Бледная Эриксо, вся поглощенная лишь грозившей опасностью, преклонила колени перед алтарем. Хотя мужество ни на минуту в ней не ослабевало, но на обряд она едва обращала внимание; слова священника, орган и пение звучали в ее ушах как смутный, отдаленный гул.
В ту минуту, когда брачующиеся обменивались кольцами, крупный град загремел по крыше церкви и грохотом своим заглушил все. Несколько окон было разбито. Тут сквозь рев ветра и оглушительный шум ливня донесся издалека приближавшийся звон серебряных колокольчиков.

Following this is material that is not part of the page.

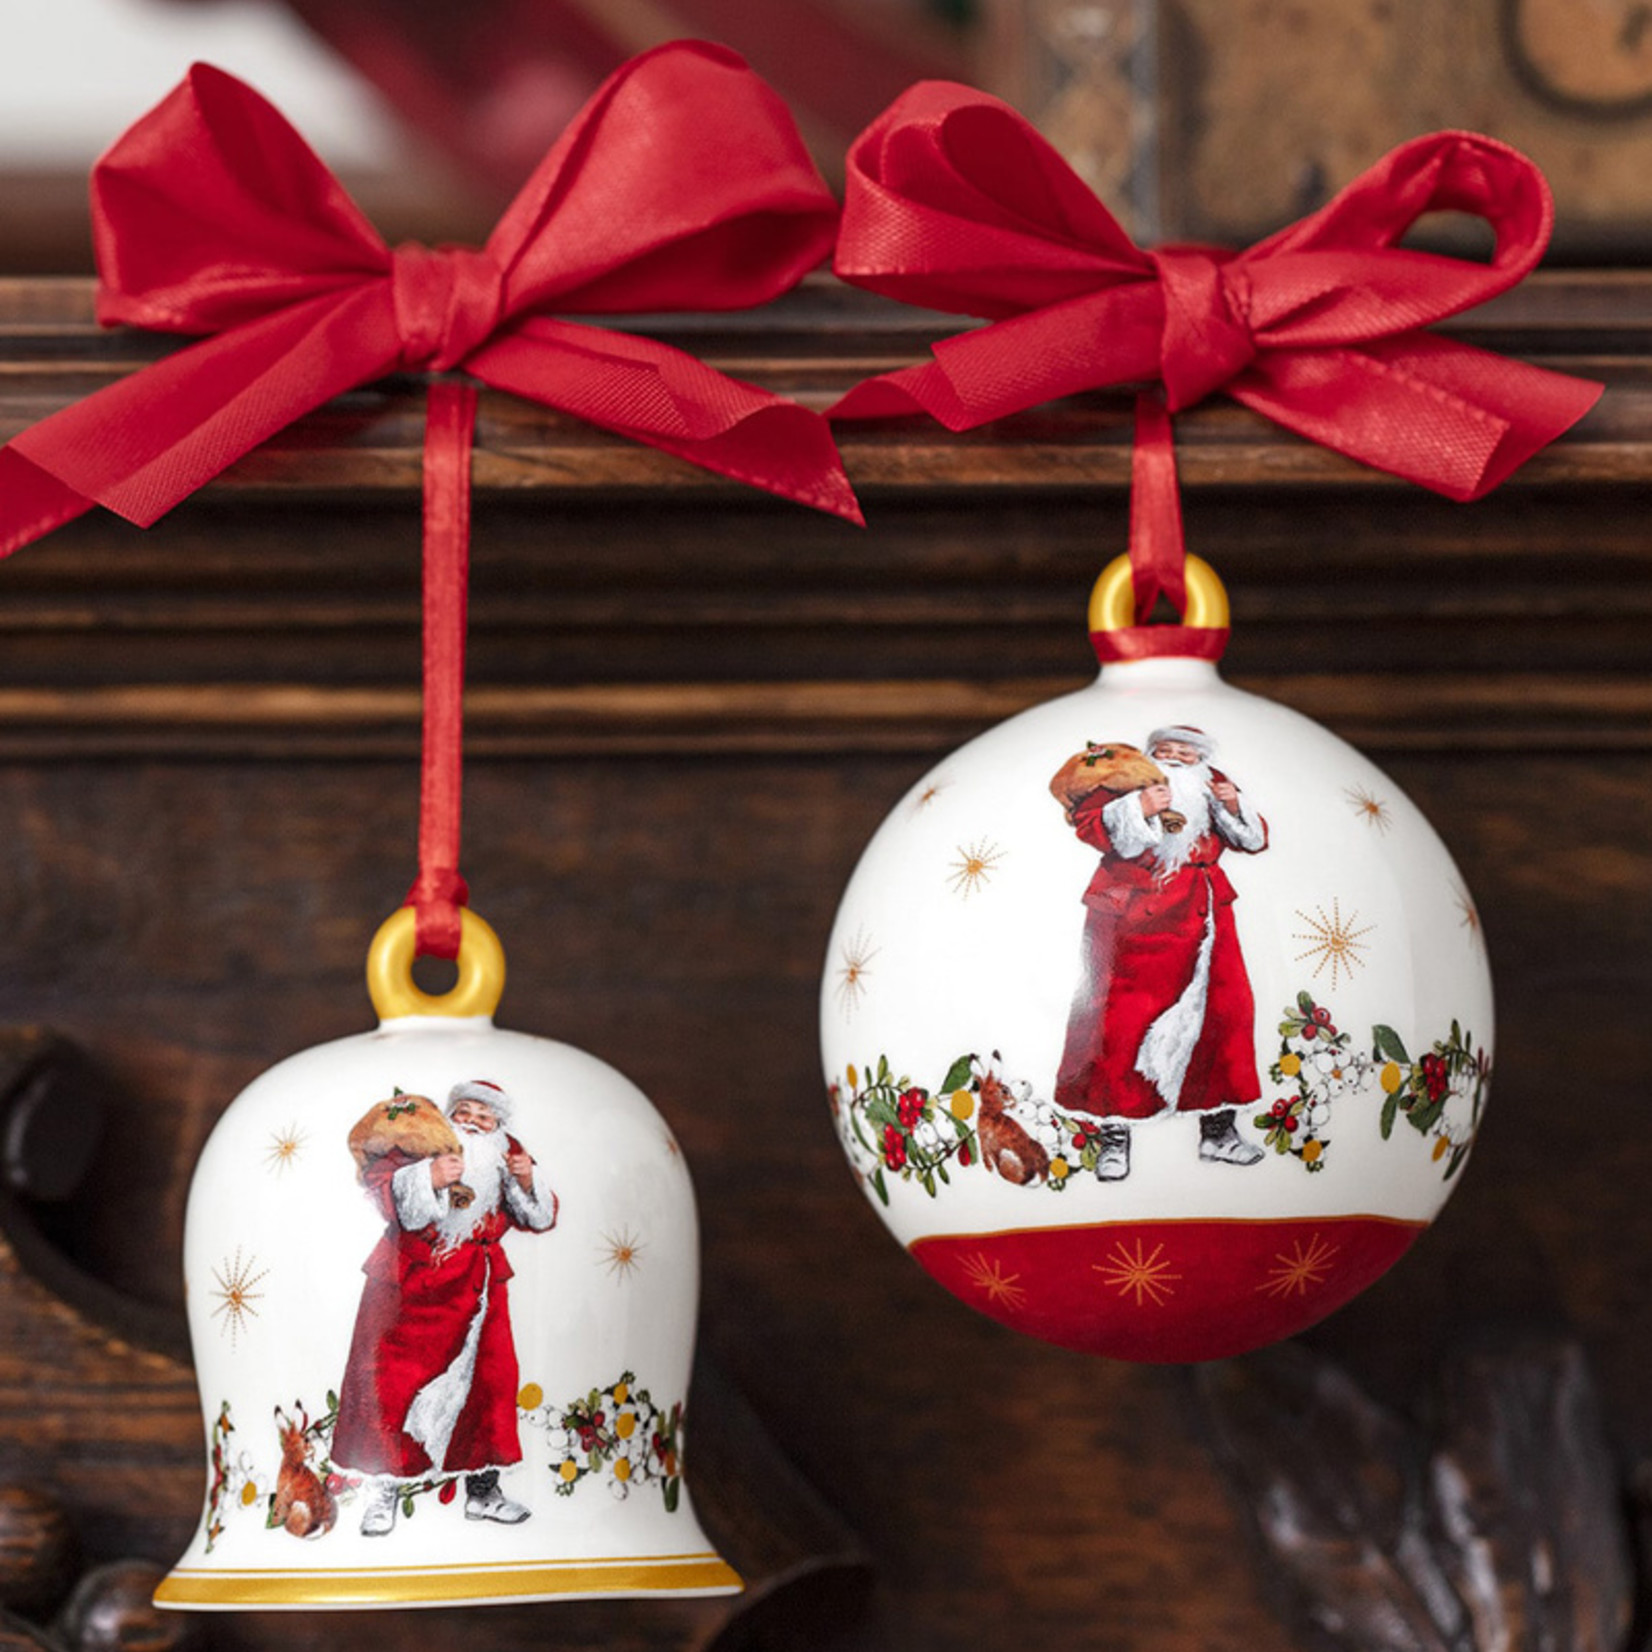 Villeroy & Boch  Jahresglocke 2020 | Villeroy & Boch Annual Christmas Glocke

Священник умолк, а приглашенные, объятые ужасом и спасаясь от дождя, перебегали, толкая друг друга на противоположную сторону церкви, где град не перебил еще оконных стекол. Вдруг новый страшный раскат грома потряс здание до самого основания. В окно ворвалась шарообразная молния и направилась прямо на Ричарда.
В тот же момент Эриксо бросилась вперед и, выхватив из–за пояса магический кинжал, направила острие его против огненного шара, который лопнул и рассыпался снопом искр. Послышалось дикое рычание, сопровождаемое предсмертным хрипом человека, которого душат. Как будто последние усилия истощили бурю, и она стала ослабевать. Дождь и ветер стихли, небо прояснилось, а минут через десять появилось солнце. Теперь все снова было спокойно вокруг, и только лужи, мокрая листва да вывороченные с корнем деревья и перебитые стекла в церкви свидетельствовали о промчавшейся буре.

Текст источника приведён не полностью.